── Data extract

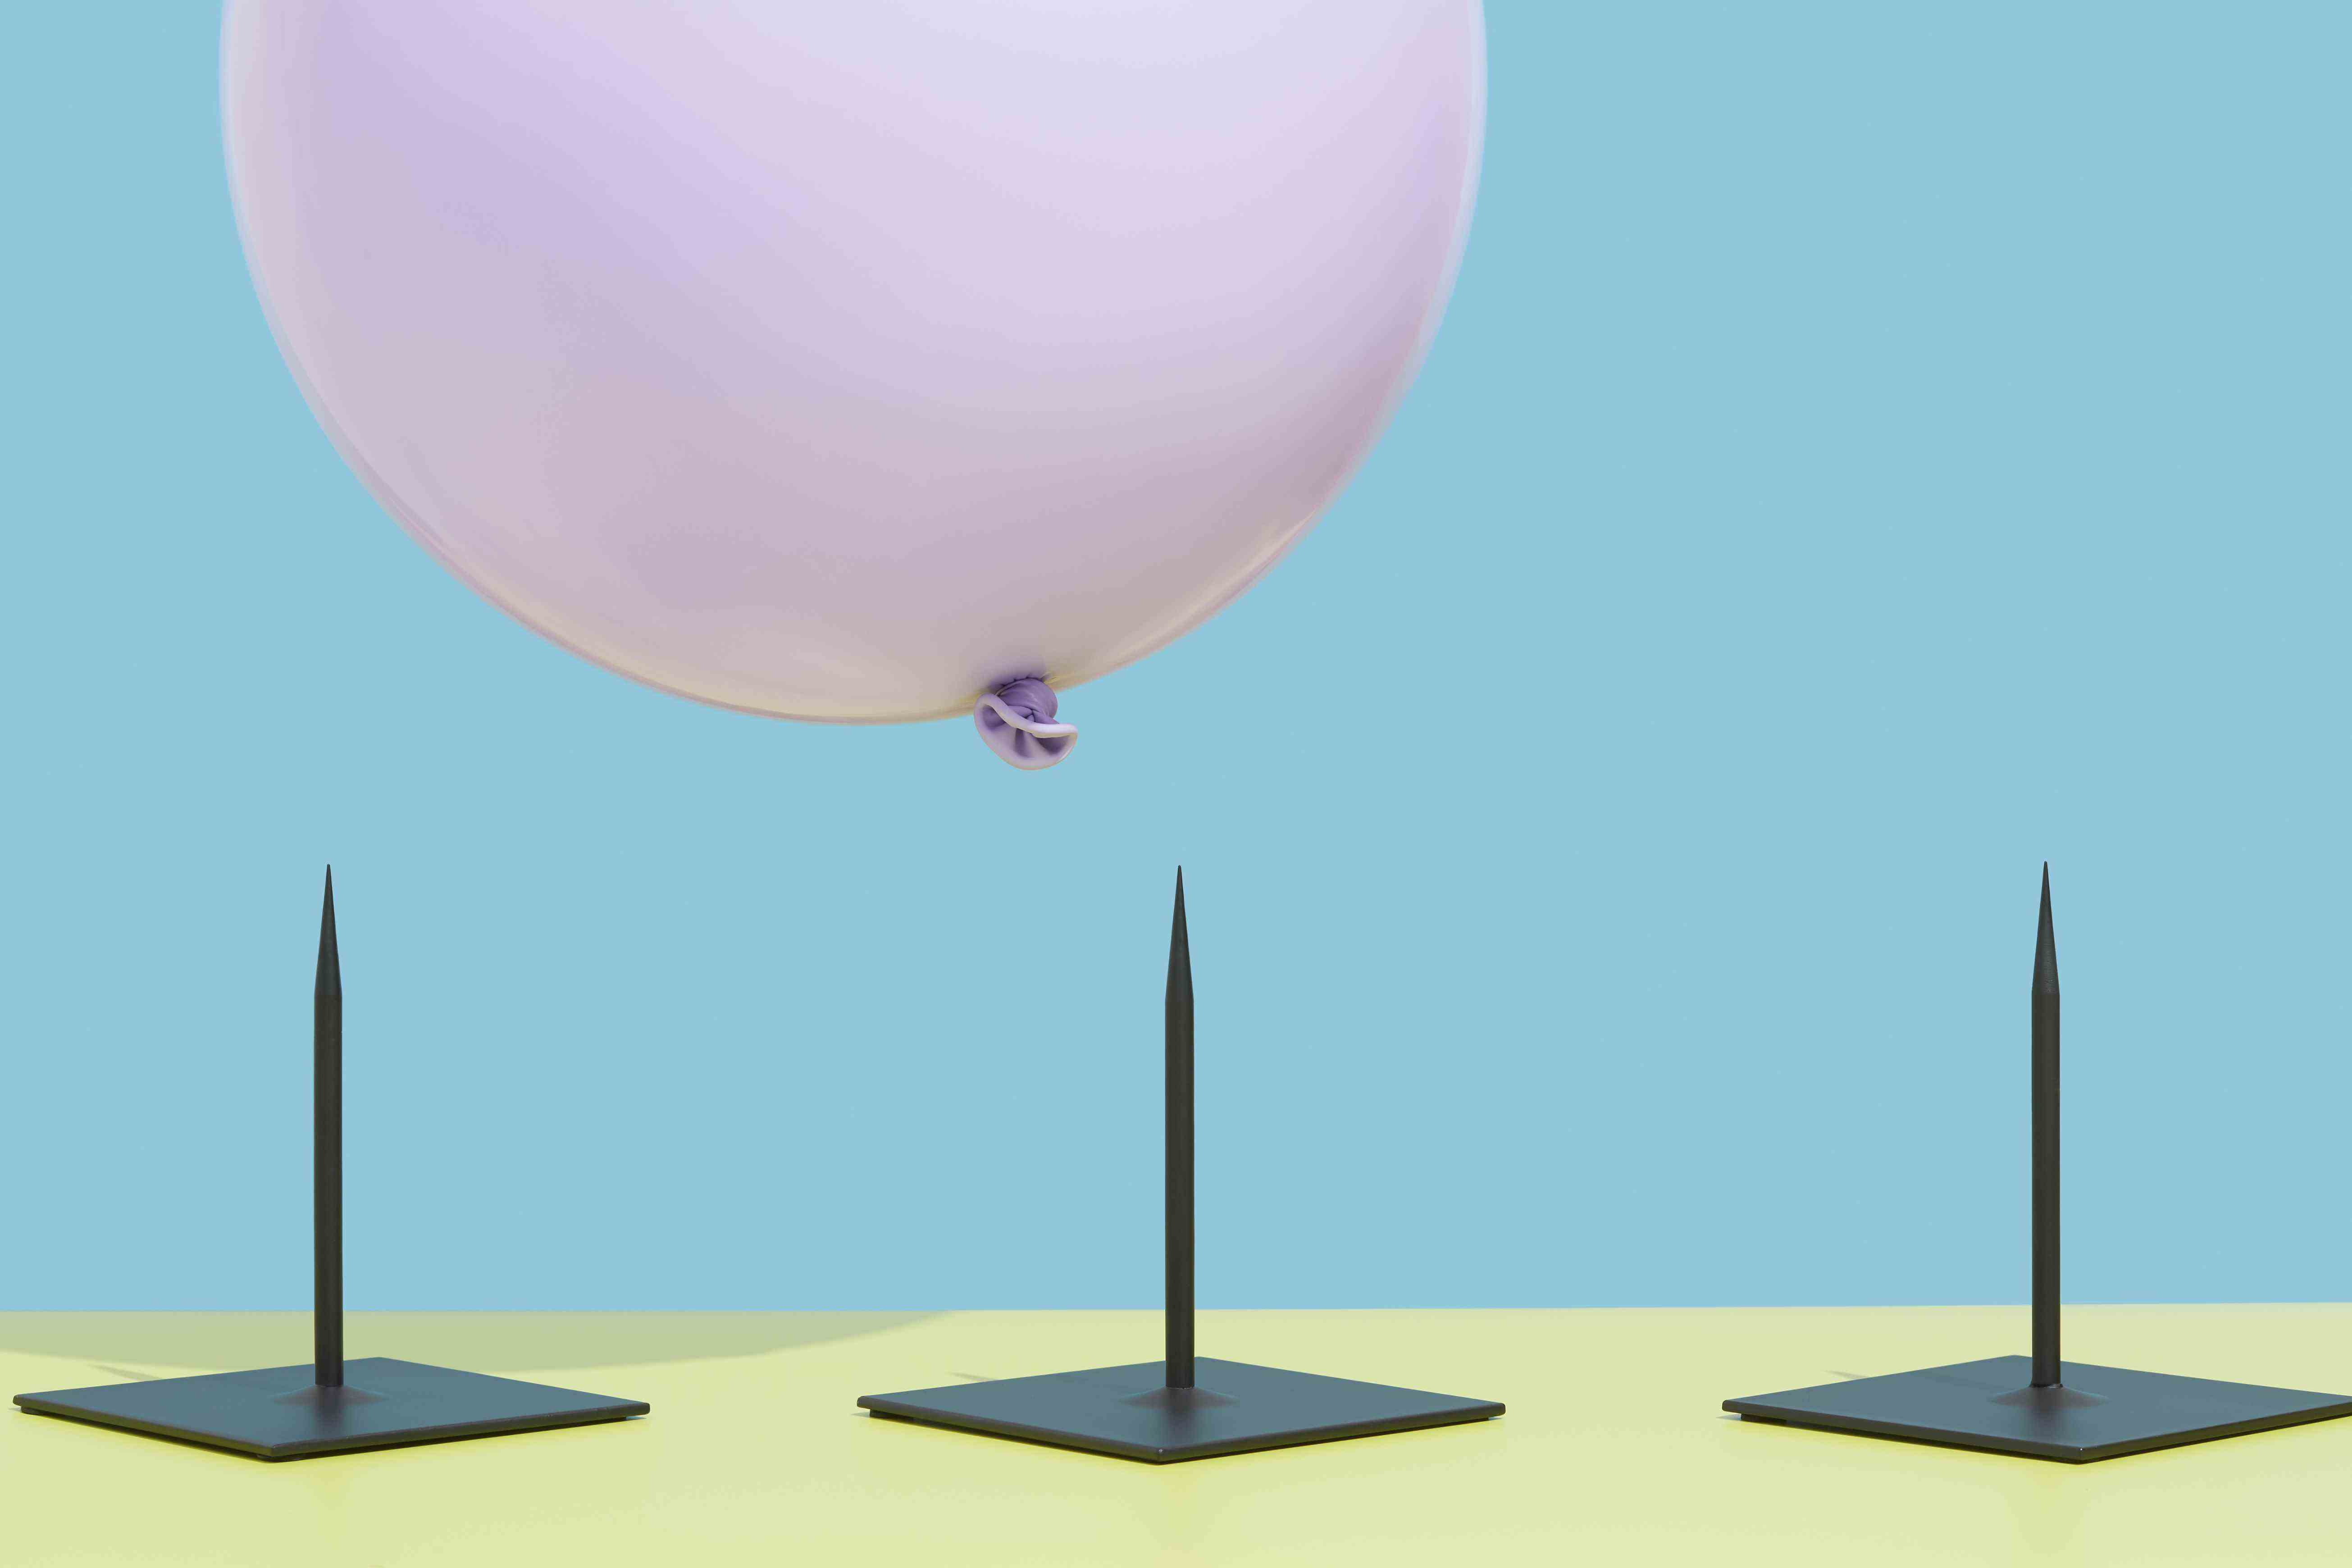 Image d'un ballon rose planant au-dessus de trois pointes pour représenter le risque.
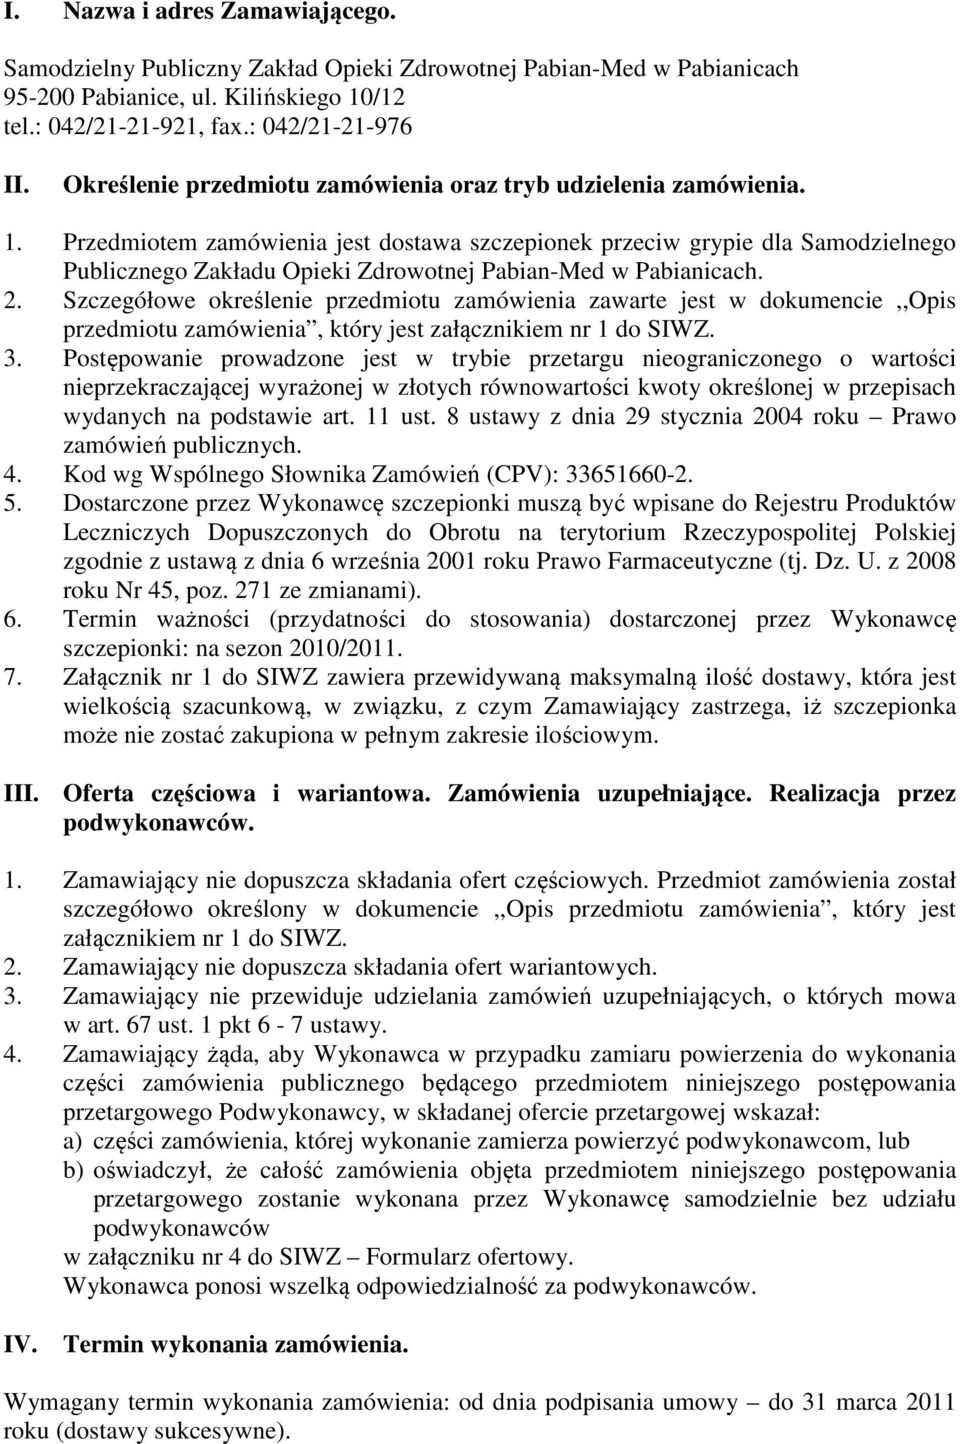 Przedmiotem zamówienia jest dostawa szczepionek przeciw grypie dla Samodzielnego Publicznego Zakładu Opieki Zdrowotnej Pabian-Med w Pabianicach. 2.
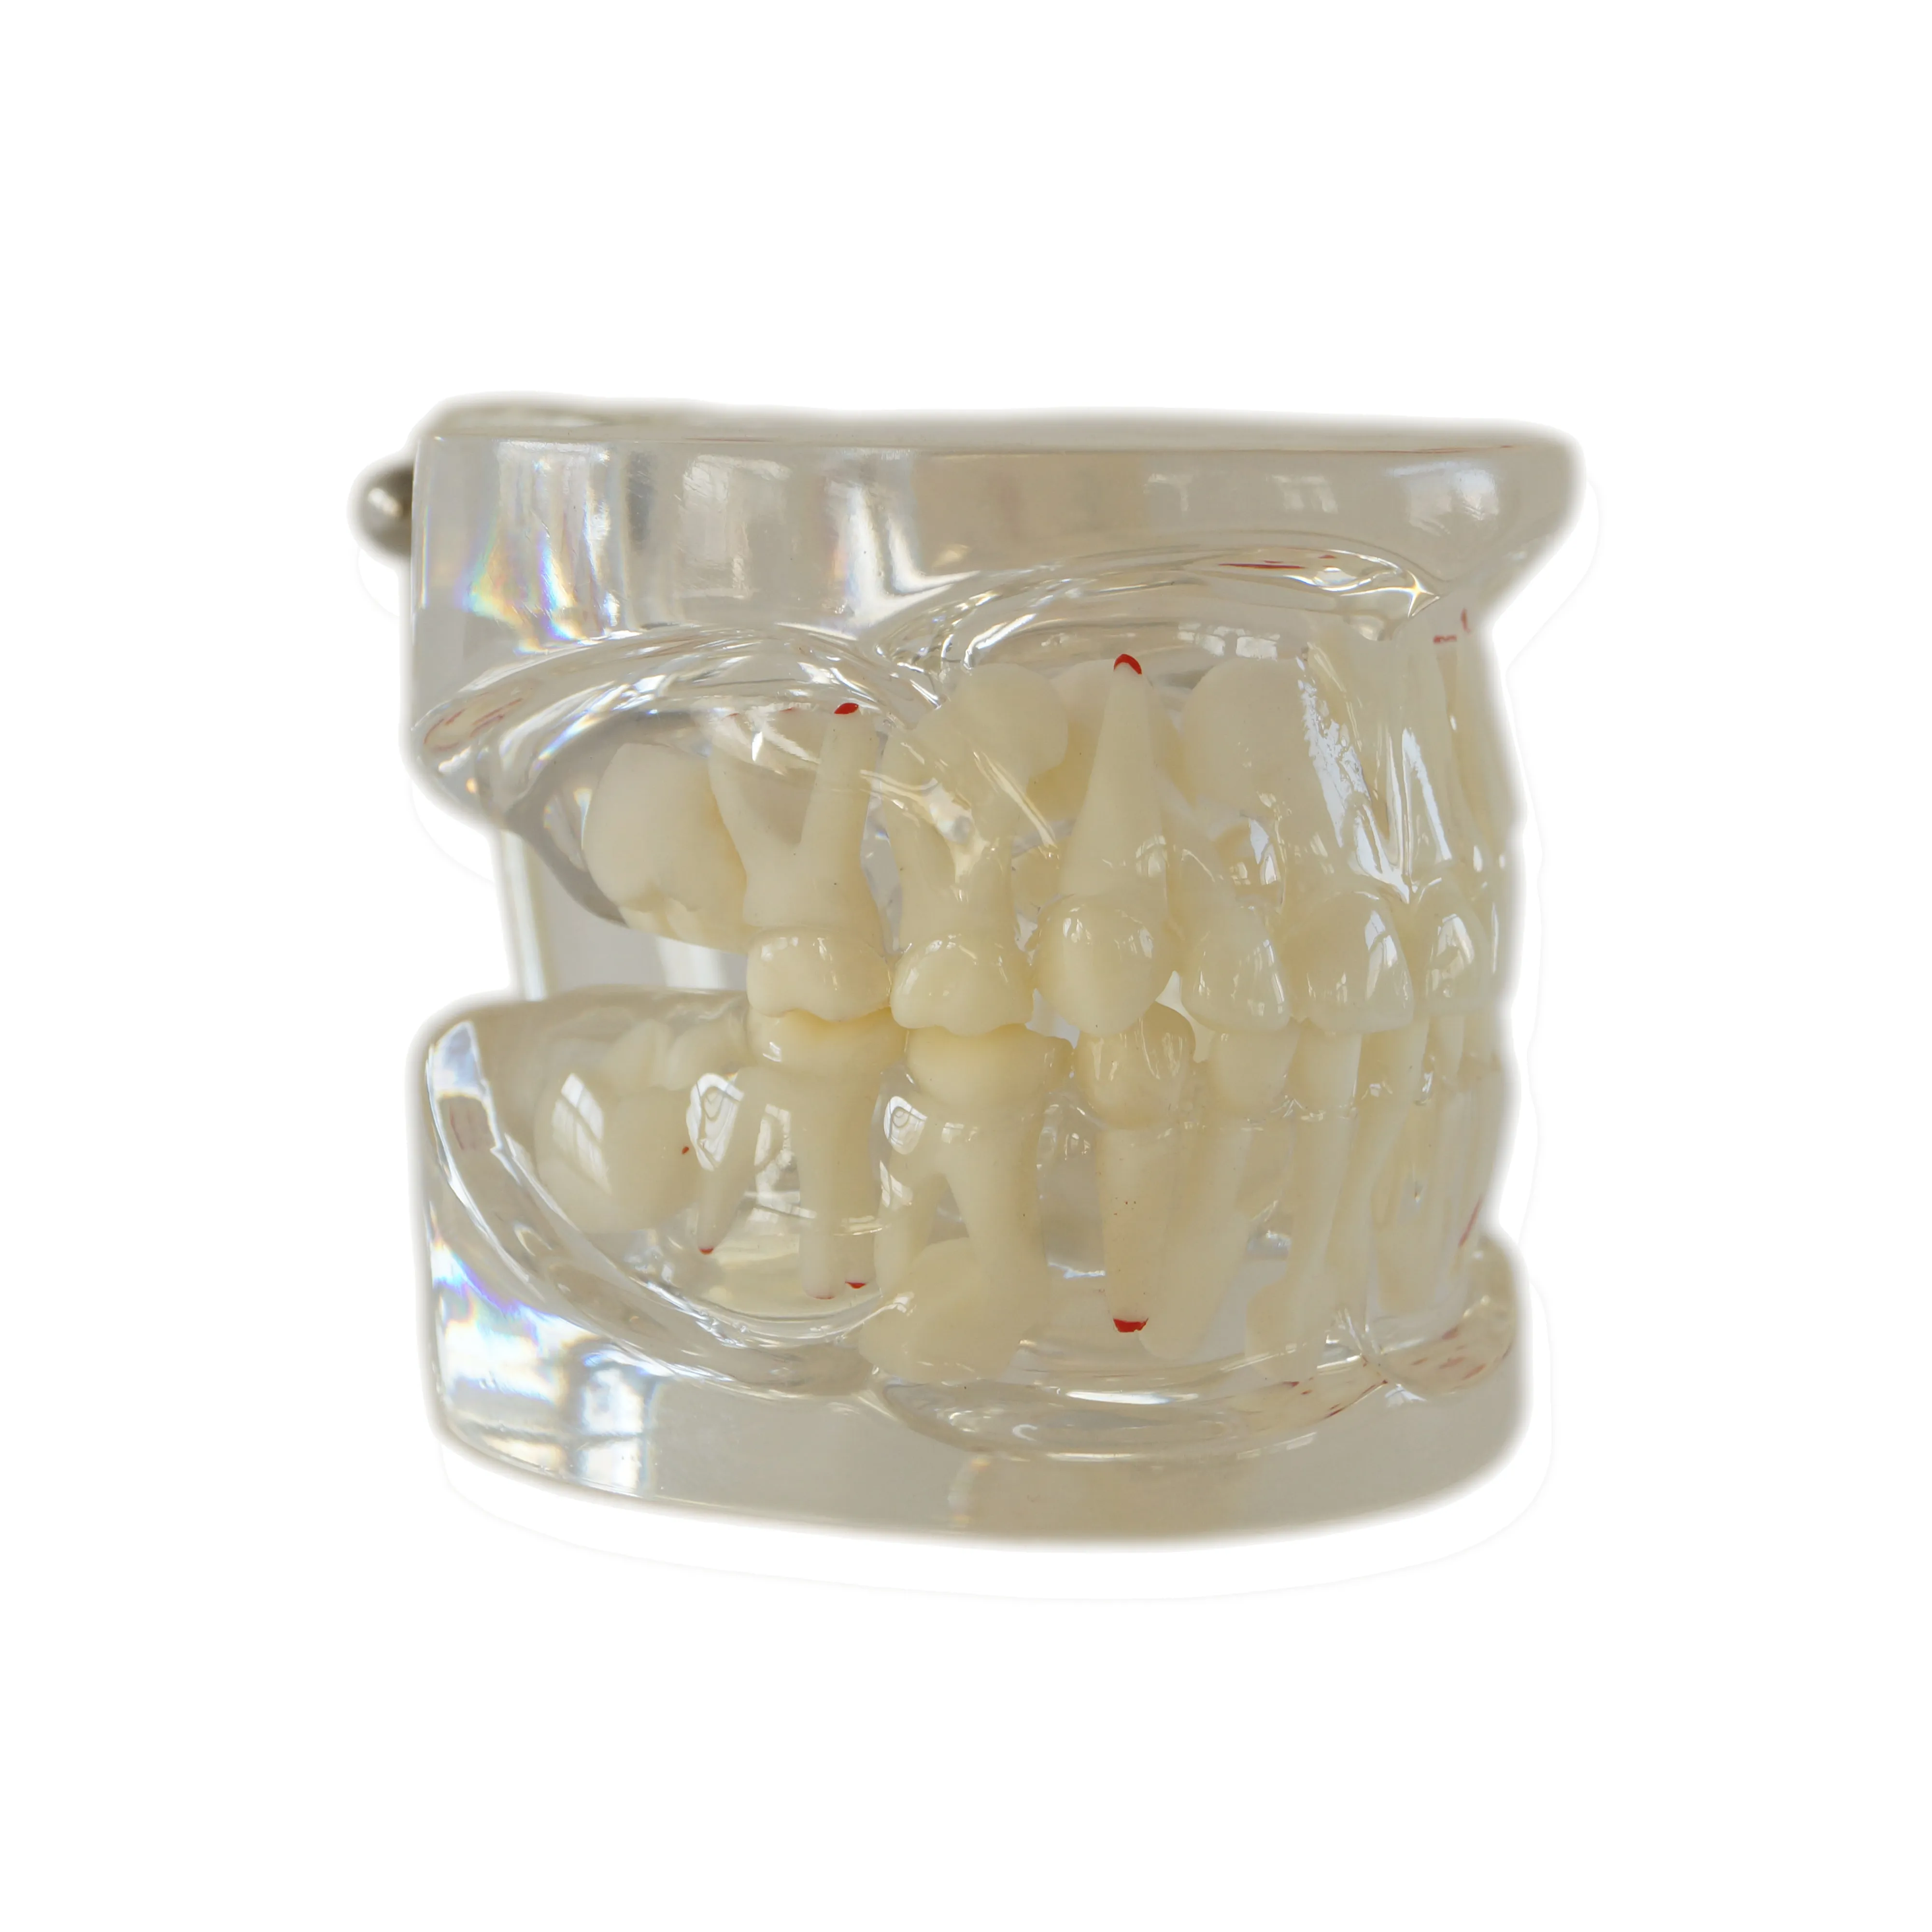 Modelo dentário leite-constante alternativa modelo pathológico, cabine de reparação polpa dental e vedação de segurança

────

Problem: Lines from the start of the listing above through the line holding "Przedmiotem zamówienia jest" are to be duplicated exactly, and nothing more; leave out the pictures.

Output for this task:
 Image d'un ballon rose planant au-dessus de trois pointes pour représenter le risque.
 Przedmiotem zamówienia jest dostawa szczepionek przeciw grypie dla Samodzielnego Publicznego Zakładu Opieki Zdrowotnej Pabian-Med w Pabianicach. 2.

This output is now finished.